Sceptridium dissectum (Spreng.) Lyon has two separate fronds. The fertile frond looks superficially like a stalk of grapes while the other sterile frond is leafy. Sceptridium dissectum leaves are a light green during the spring and early summer, with the leaves becoming deciduous in late summer. The leaves usually turn a bronze color in late fall through winter. The grape like sporangia range from green to yellow. The petiole or stalk of the plant is green from top to bottom and glabrous as is the sterile frond. Sceptridium dissectum is a non-flowering plant. The sterile frond or leaf is mostly bipinnate.

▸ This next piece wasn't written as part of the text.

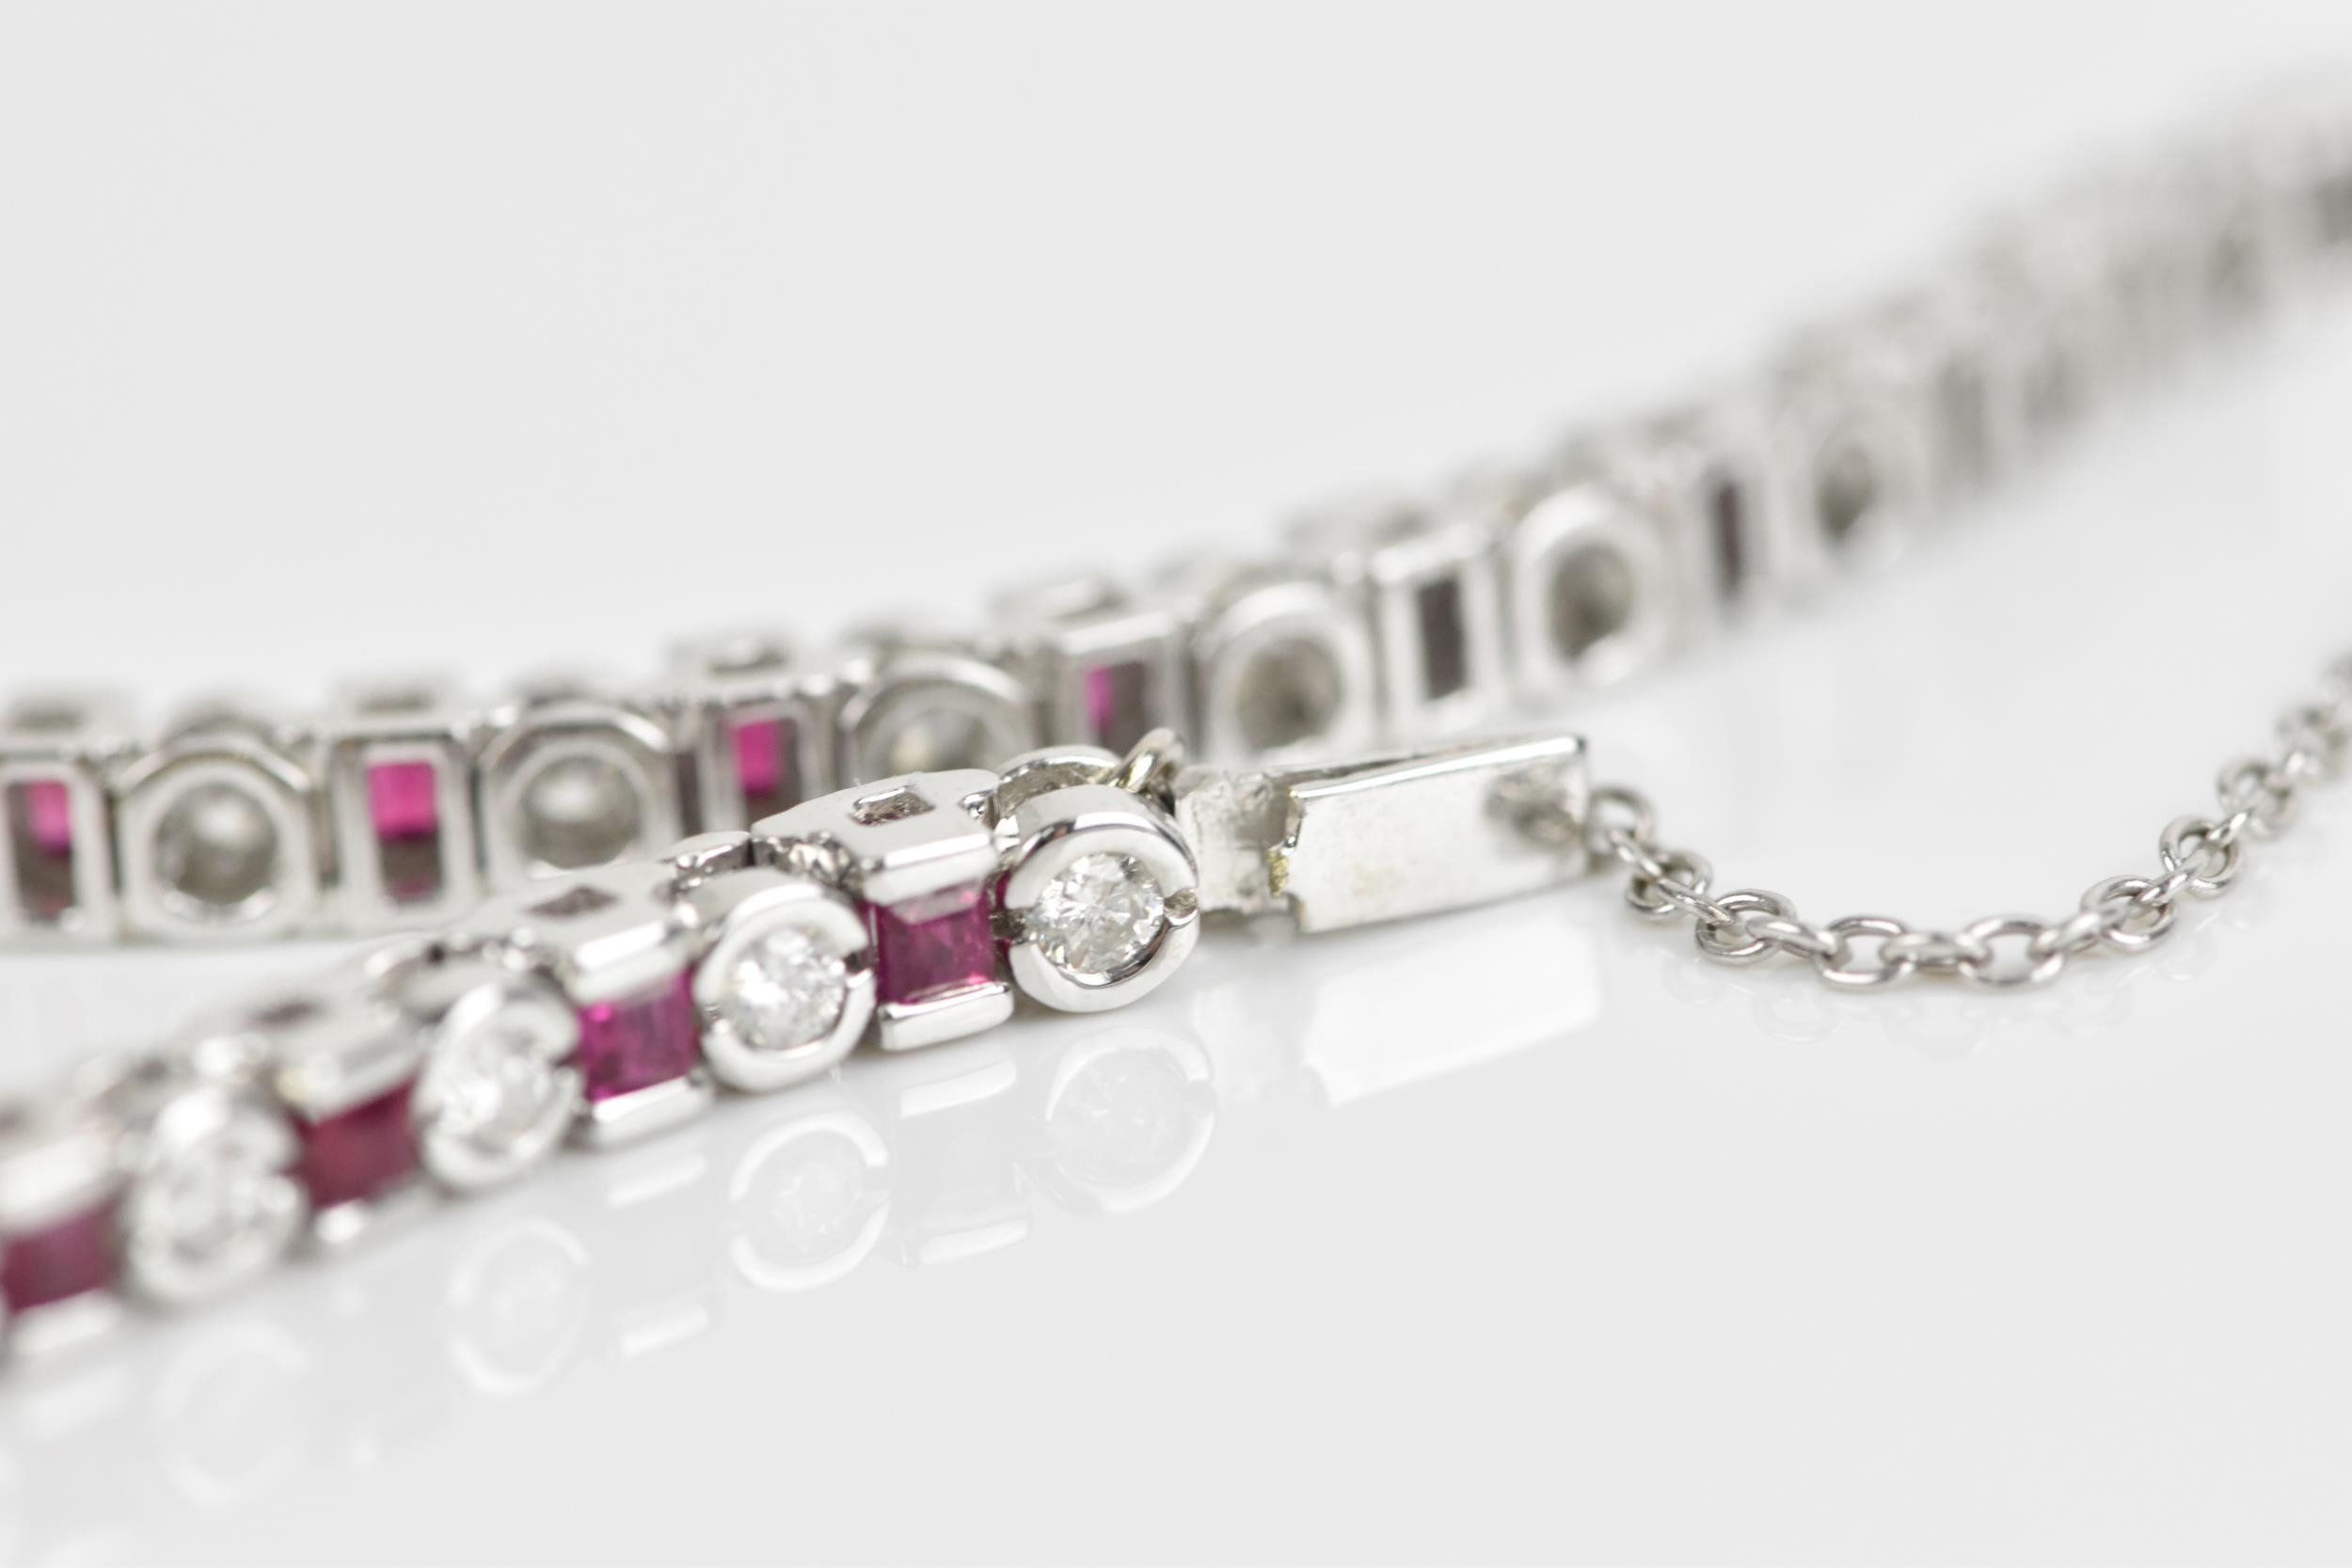 An 18ct white gold, diamond and ruby bracelet, with alternating round brilliant cut diamond and - Image 6 of 8

At first glance most think there are two separate fronds. The fertile stalk is joined to the stalk of sterile leaf blade near the rhizome. The sporangia resemble grapes which is why these types of ferns are known as grape ferns.  The leaves on a sterile frond have lacy edges. Sceptridium dissectum stands six to fifteen inches tall. Sceptridium dissectum can stay a greenish bronze color through winter.

== Taxonomy ==
Sceptridium dissectum can be misidentified as Botrypus virginianus (L.) Sw. commonly known rattlesnake fern.  Botrypus virginianus sporangia looks like a rattle from the tail of a rattlesnake. Sceptridium dissectum is also a close relative to the Southern Grapefern or Botrychium biternatum. These ferns are part of the Ophioglossales order and Ophioglossaceae, known as the Adder's tongue family. There are three ways to help distinguish the cut-leaf grape fern and the rattlesnake fern. The first is by size, the rattle snake fern can be found up to two feet tall compared to the cut-leaf fern that can be found up to a foot tall. Second the petiole or stalk for a cut-leaf fern is light green while the rattlesnake fern's petiole is pink at the base.

Sceptridium dissectum (Spreng.) Lyon was known as Botrychium dissectum Spreng. Sceptridium dissectum became the name of the cutleaf grapefern in 1905. Botrychium dissectum held the name from 1804 until 1905. Sceptridium dissectum also goes by a few other names such as Botrychium dissectum Spreng. var. obliquum (Muhl. ex Willd.) Clute, Botrychium dissectum Spreng. var. oblongifolium (Graves) Broun, Botrychium obliquum Muhl. ex Willd., Botrychium obliquum Muhl. ex Willd. var. elongatum Gilbert & Haberer,  Osmunda obliqua (Muhl.) Poir., Botrychium ternatum var. obliquum (Muhl.) D.C. Eaton.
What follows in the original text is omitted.